It is a wonderful idea to show appreciation the staff at your daycare. It really is appreciated by them, regardless of what the gift is. You trust them with your pup, to love her and keep her safe and happy.

I always liked when I worked at the vet that people would order in lunch for us and also loved homemade goodies. Depending on the size of the staff a monetary reward can be nice, but for a large staff a nice lunch of pizza or subs is a great idea. I always found a nice card with a note of appreciation was worth more than a gift....

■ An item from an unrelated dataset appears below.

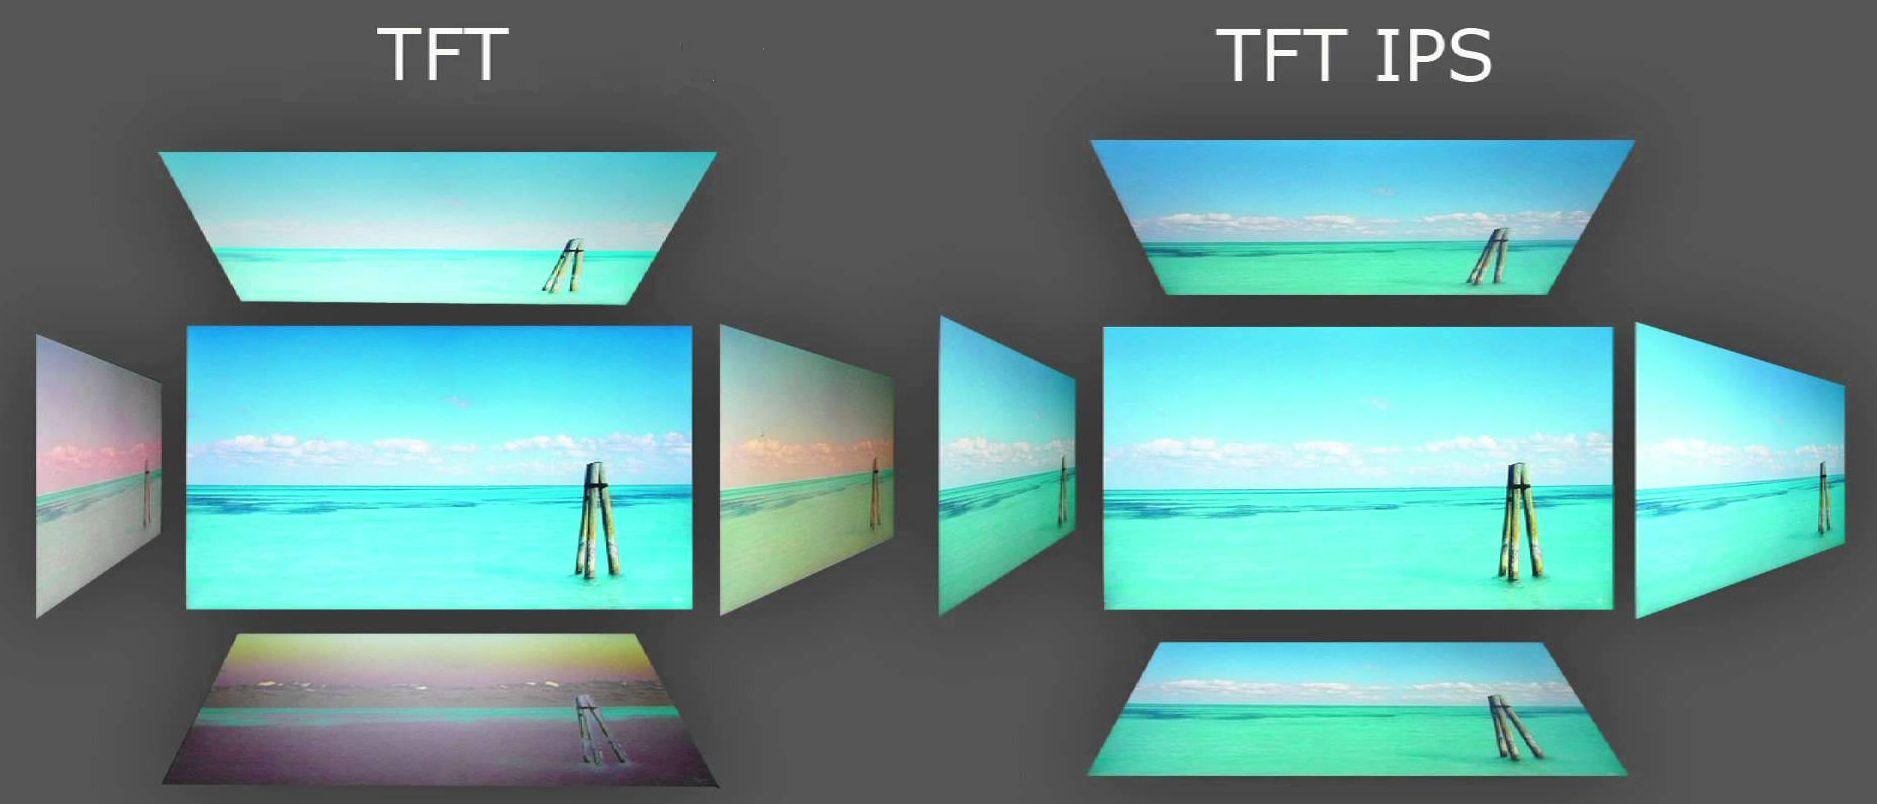 صفحه نمایش ips یا tft

I always try to remember my vet and his staff at Christmas too.


----------



## Shiningsummer (May 24, 2010)

Thanks for the responses everyone! This is really helpful. Also thanks for the reminder about the vet's office, Cracker-they have been wonderful too so they definitely deserve a gift. 

Now to get the dang Christmas music out of my head...Who am I kidding? That's not gonna happen until at least January. It's going to be a looong winter :smow:


----------



## ltorrence561 (Dec 7, 2010)

thanks for the post! i like the idea of giving cash especially since the staff doesnt get paid very well. i just dont think doggy daycare is an appropriate place to send food. im gonna give them 20 bucks each. it doesnt sound like a lot but it adds up when there are 10 staff members ($200).


----------



## DogLover856 (Dec 17, 2011)

I was just sitting here thinking about what to give this year to my doggie day camp staff and saw this post. Last year I sent over a dunkin donuts platter but this year I wanted to do something different. Thank you for all the suggestions to shinningsummer. I am baking homemade dog treats to all the "regular" dog friends of my dog too


----------



## Tankstar (Dec 30, 2006)

I work in a grooming shop, not the same thing, But we LOVE gifts of food. and a nice card. I love getting cards from clients. makes you really feel appreciated


----------